La morte di due neonati prematuri all’ospedale di Bolzano riporta l’attenzione su un patogeno sempre in agguato nei reparti ad alta intensità assistenziale
La morte di due neonati prematuri all’ospedale di Bolzano, causata da un’infezione da Serratia marcescens, ha riacceso l’attenzione su un batterio noto da oltre duecento anni, spesso sottovalutato, ma oggi classificato tra le prime dieci cause di infezioni ospedaliere. Il caso, segnalato dalle autorità sanitarie locali, si inserisce in un quadro epidemiologico già noto alla comunità scientifica, che da decenni documenta la presenza di Serratia nelle unità di terapia intensiva neonatale.
Il batterio è in grado di provocare polmoniti, infezioni del tratto urinario, sepsi e meningiti. Secondo il Gruppo di studio della Società Italiana di Igiene, Medicina Preventiva e Sanità Pubblica (SItI), il patogeno è sempre in agguato negli ambienti ospedalieri ad alta intensità assistenziale, dove le condizioni cliniche dei bimbi prematuri e le pratiche invasive in incubatrice aumentano il rischio di colonizzazione e infezione anche quando tutte le procedure vengono rispettate scrupolosamente e nulla si deve imputare all’operato dei sanitari, medici e infermieri. La prima descrizione di casi letali nei neonati risale al 1961; da allora, la letteratura scientifica ha riportato numerosi episodi con prognosi infausta.
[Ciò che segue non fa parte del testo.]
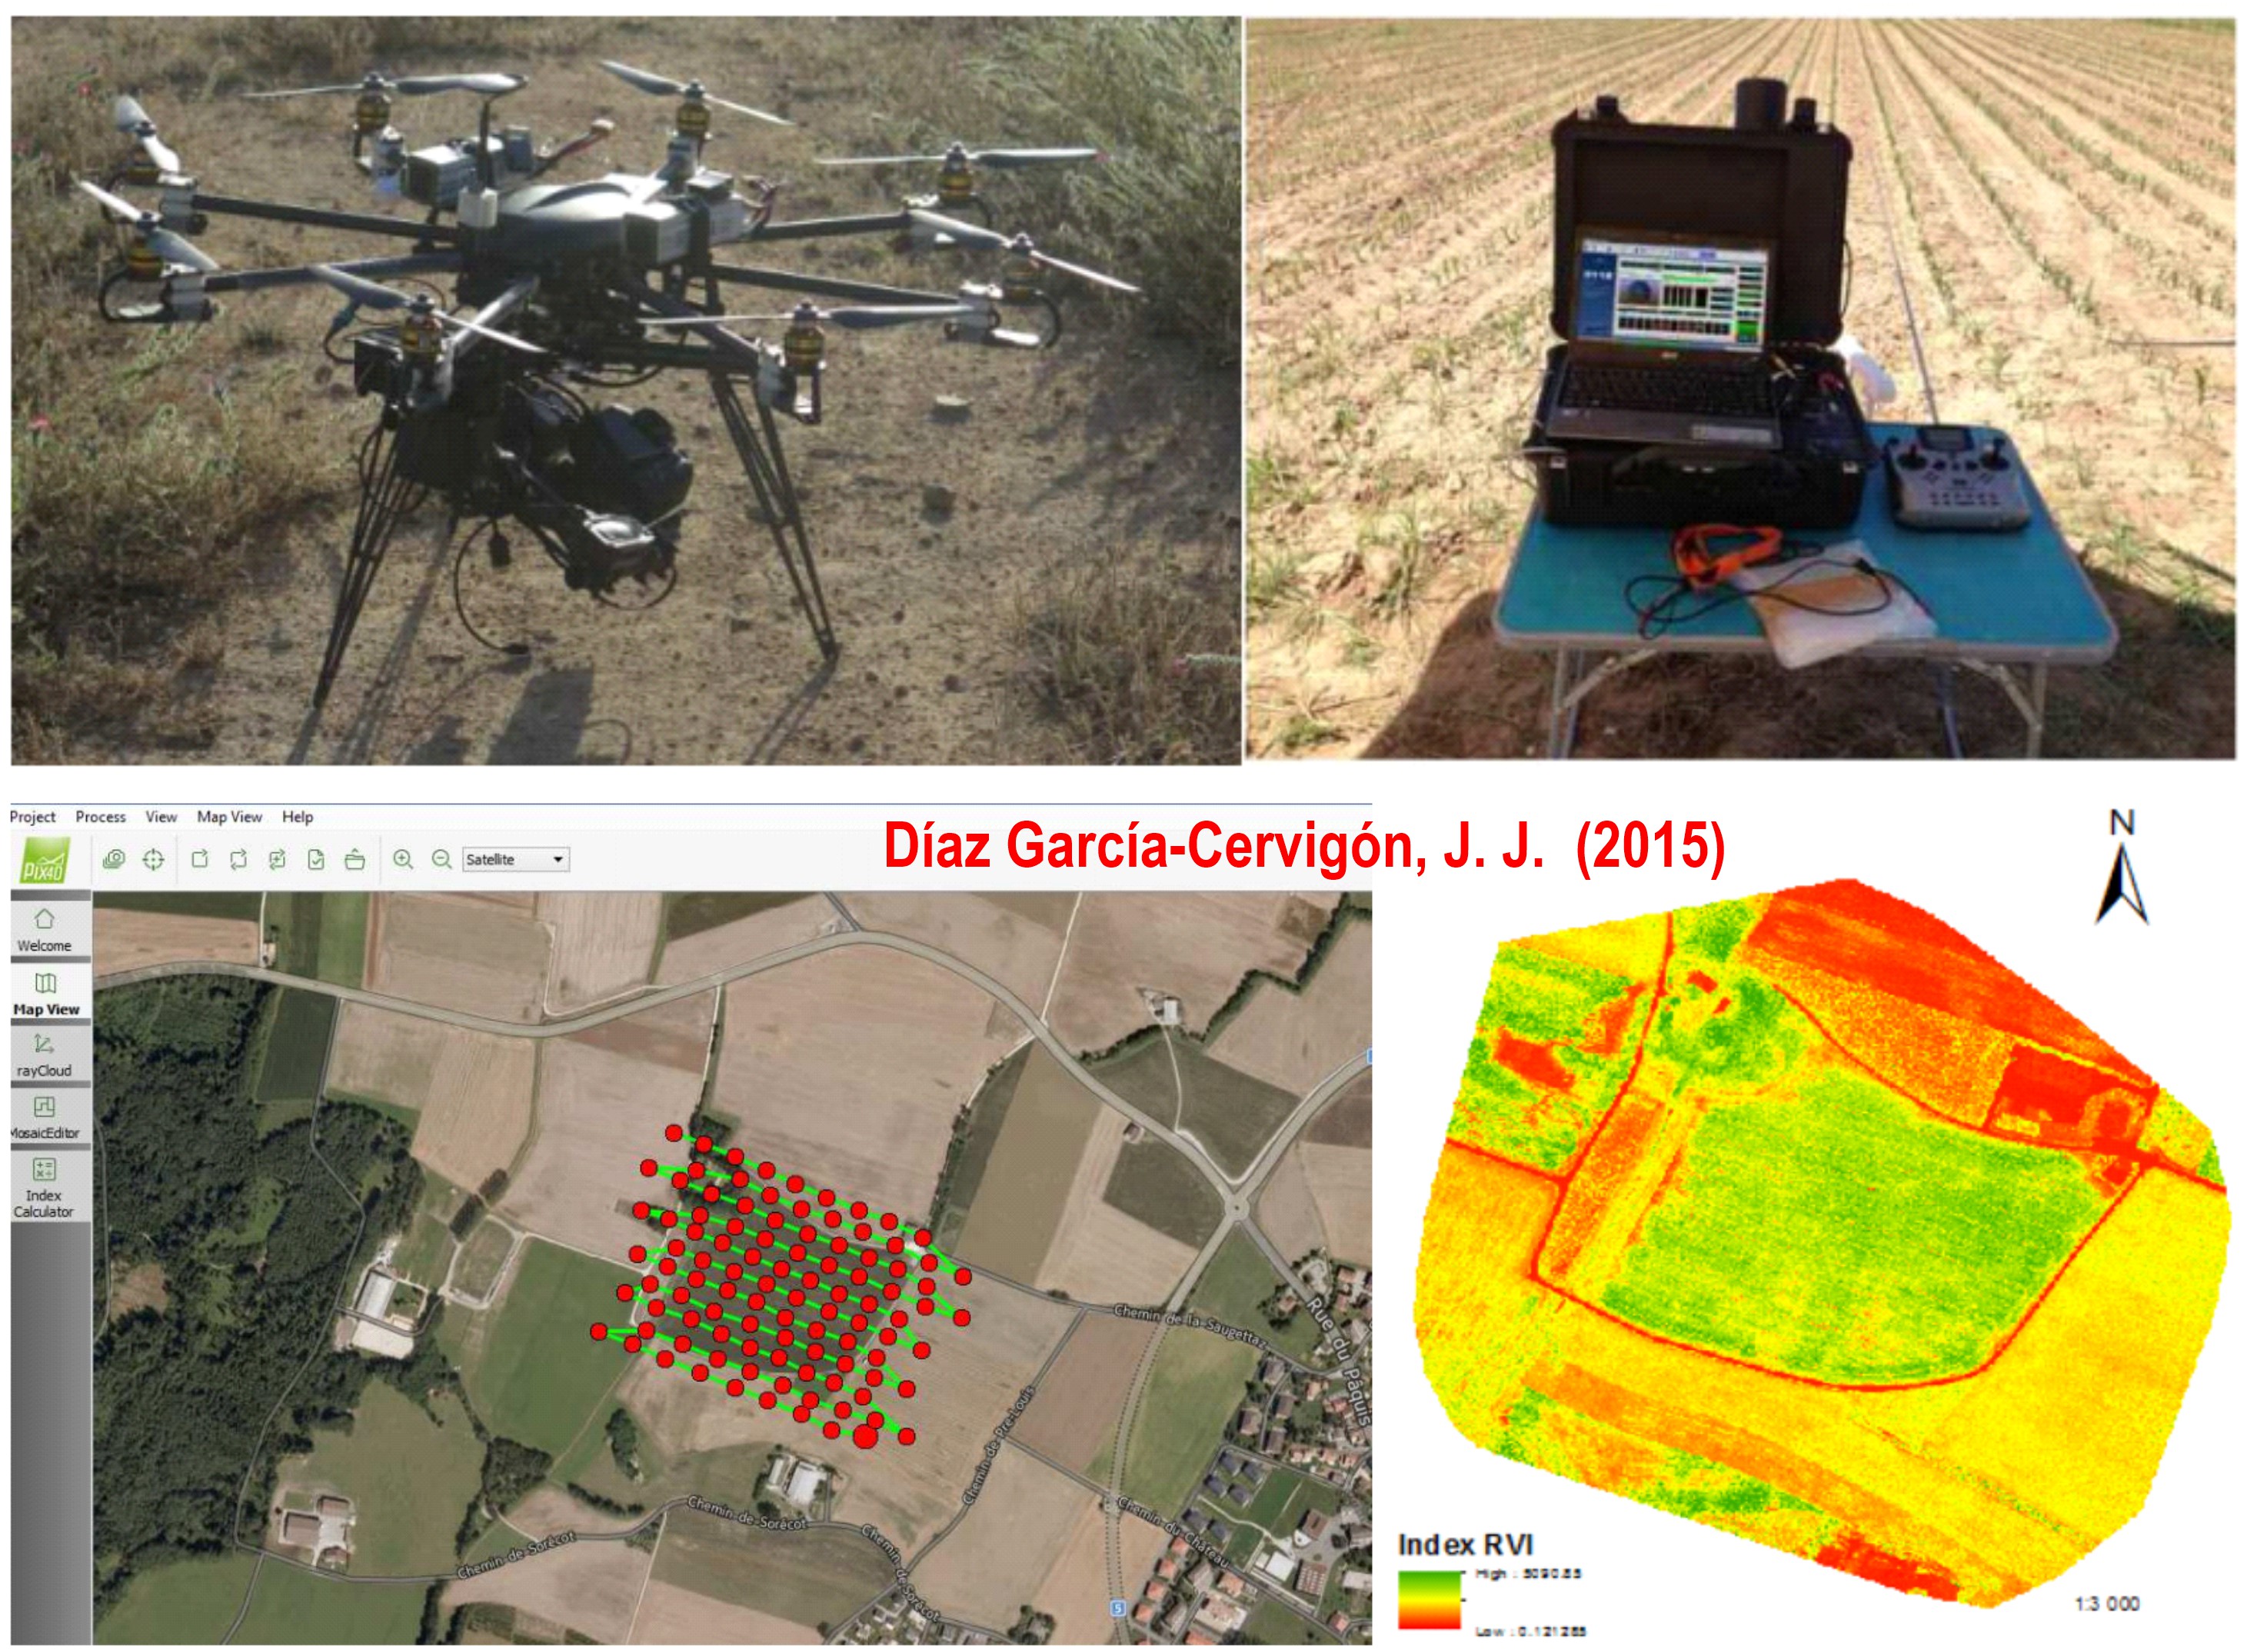 Estudio de índices de vegetación a partir de imágenes aéreas tomadas desde UAS/RPAS y aplicaciones de éstos a la agricultura de precisión. Fuente: Díaz García-Cervigón, J. J. (2015). Trabajo Fin de Máster. https://eprints.ucm.es/31423/

I neonati prematuri, come le vittime del caso di Bolzano, sono particolarmente vulnerabili. Tra i fattori di rischio principali figurano il basso peso alla nascita, la degenza prolungata, l’impiego di antibiotici e l’esposizione a procedure invasive come la ventilazione meccanica e la nutrizione parenterale tramite cateteri. Oltre alle infezioni sistemiche, Serratia marcescens può causare infezioni oculari, frequenti nei neonati ricoverati.
La gestione dell’infezione è complessa. Il batterio può persistere anche in forma asintomatica e nonostante l’uso di antibiotici, rendendo difficile l’eradicazione. “È fondamentale identificare precocemente i casi e attivare misure di contenimento”, sottolineano gli esperti, “in particolare l’igiene delle mani, l’uso dei guanti e la sanificazione ambientale”.
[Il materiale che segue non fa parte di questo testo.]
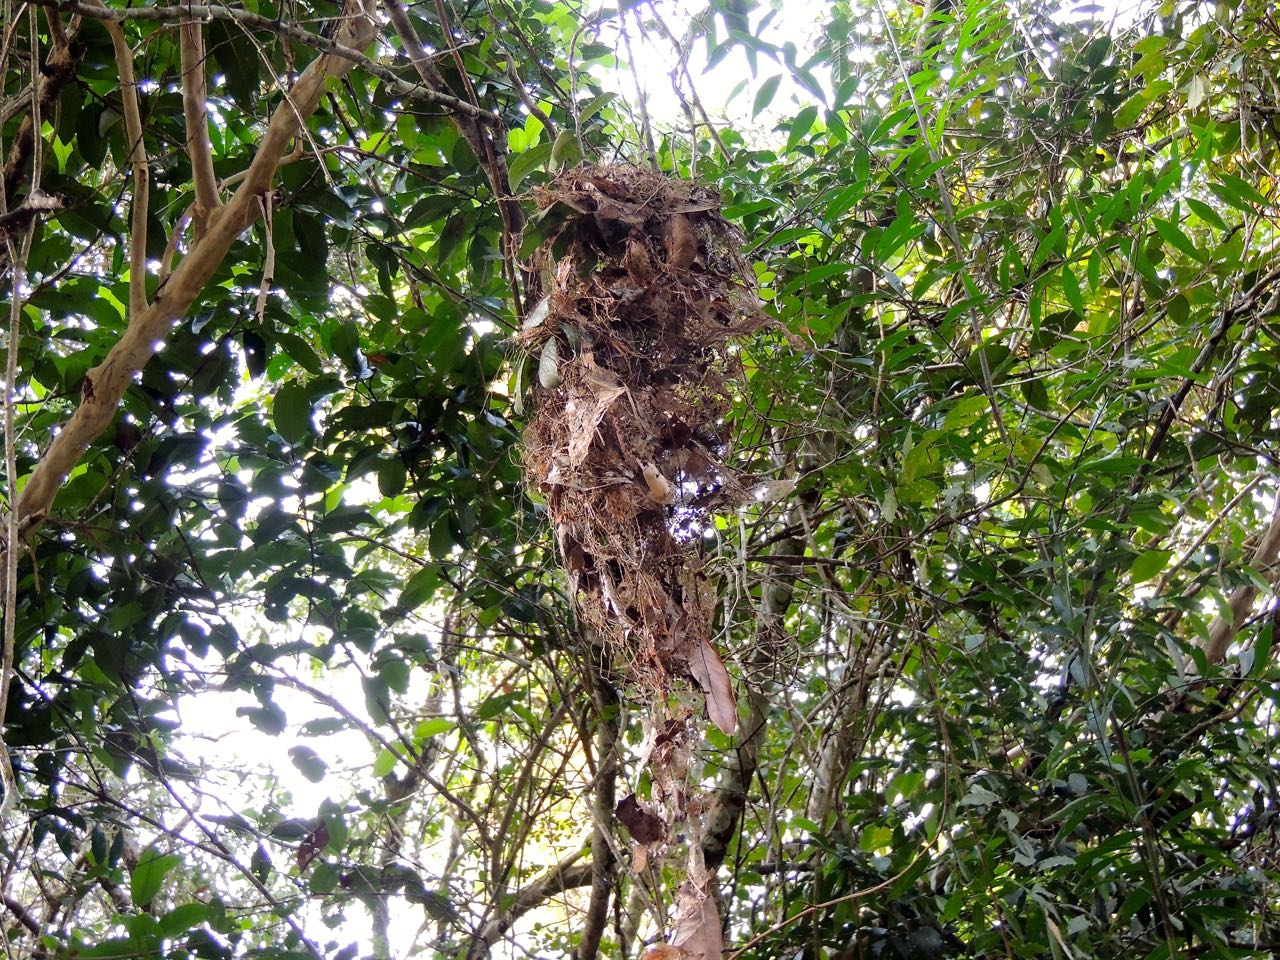 Northern Royal Flycatcher nest

Uno studio condotto dall’Università di Genova evidenzia la capacità del batterio di diffondersi rapidamente nell’ambiente nosocomiale. “È responsabile di epidemie in terapia intensiva neonatale causando sepsi potenzialmente fatali, meningite, polmonite nei neonati molto prematuri o con basso peso alla nascita, con tassi di mortalità elevati, fino al 45%”, si legge nel documento. I neonati colonizzati o infetti rappresentano il principale serbatoio del batterio, soprattutto a livello dell’apparato respiratorio e del tratto gastrointestinale. La trasmissione avviene prevalentemente attraverso le mani del personale sanitario.
Il caso di Bolzano dunque non è isolato. Nell’agosto 2018, un bambino era deceduto agli Spedali Civili di Brescia per un’infezione simile. In quell’occasione, altri piccoli pazienti infettati da Serratia marcescens avevano risposto positivamente agli antibiotici, ma l’episodio aveva già evidenziato la necessità di rafforzare le misure di sorveglianza e contenimento.
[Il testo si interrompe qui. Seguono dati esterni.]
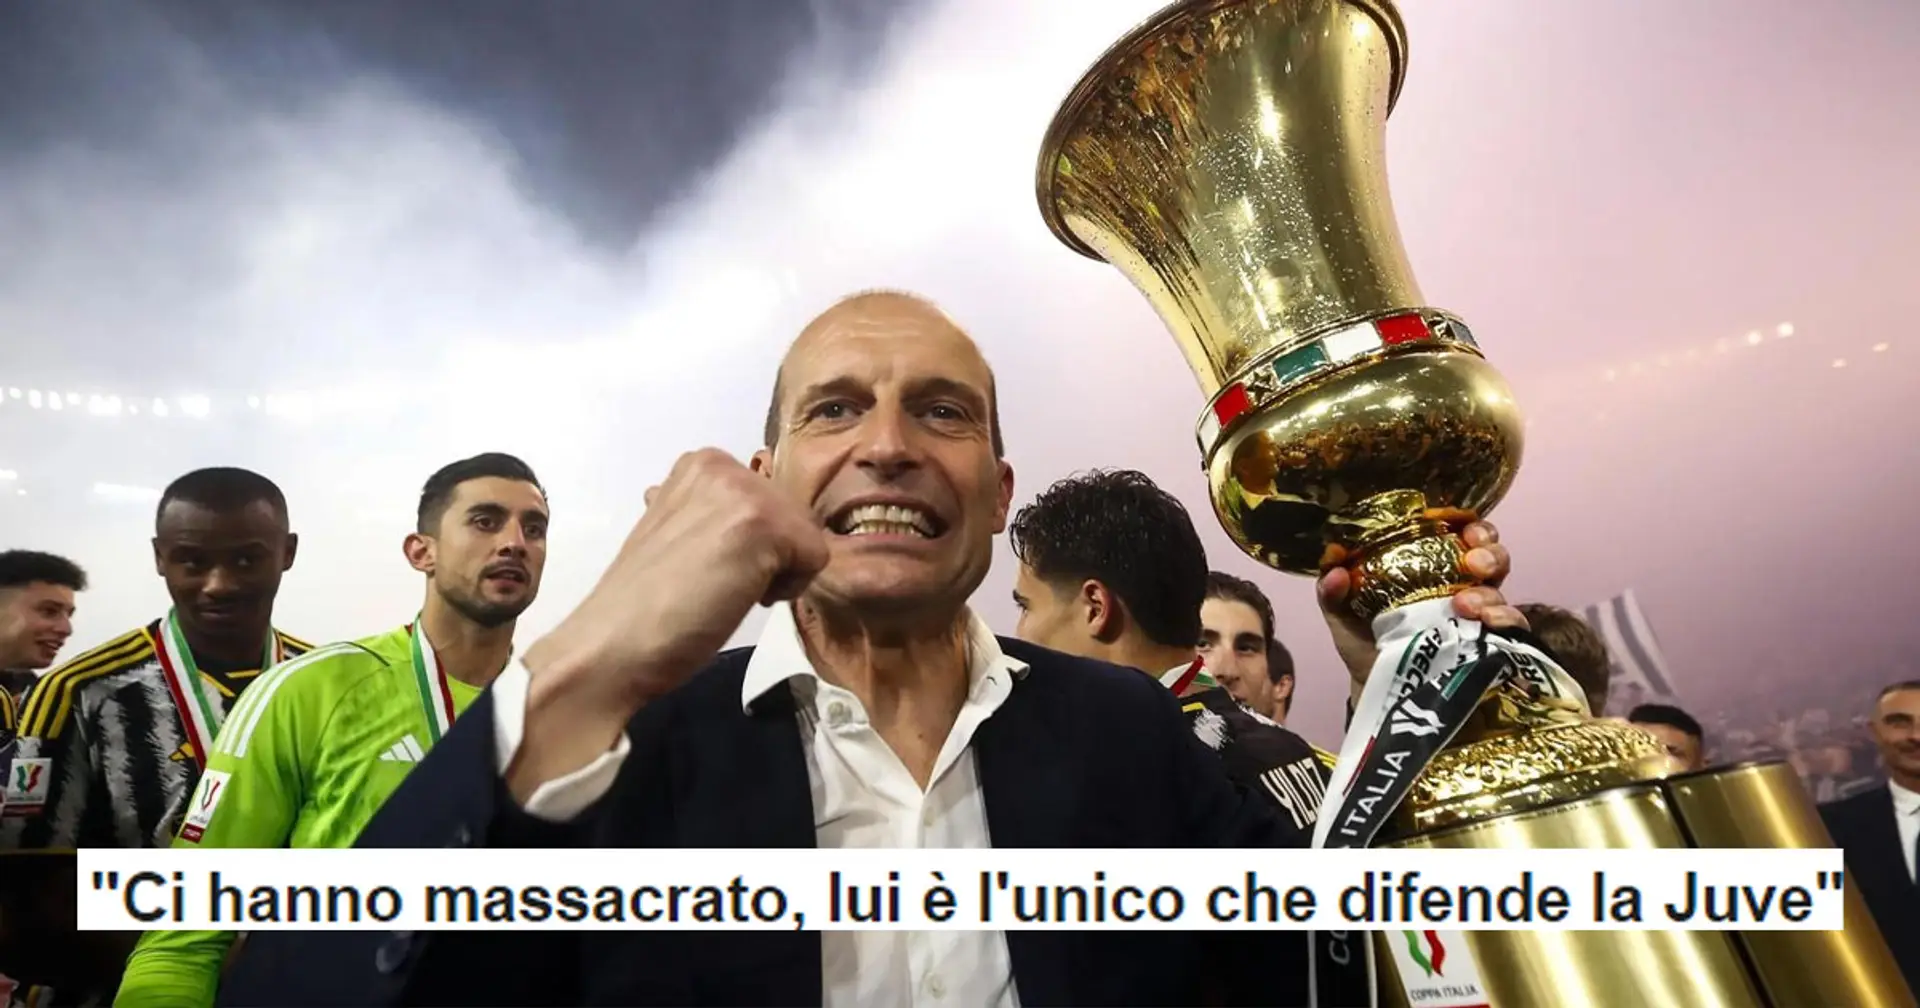 "Ci hanno massacrato, lui è l'unico che difende la Juventus": la reazione dei tifosi alla sfuriata di Allegri

La presenza di Serratia nelle terapie intensive neonatali rappresenta una sfida concreta per la sanità pubblica. La sua capacità di resistere agli antibiotici e di diffondersi in ambienti ad alta complessità impone protocolli rigorosi e una sorveglianza costante. I dati scientifici e gli episodi clinici confermano che il controllo delle infezioni ospedaliere resta una priorità, soprattutto nei reparti dove la vulnerabilità dei pazienti è massima.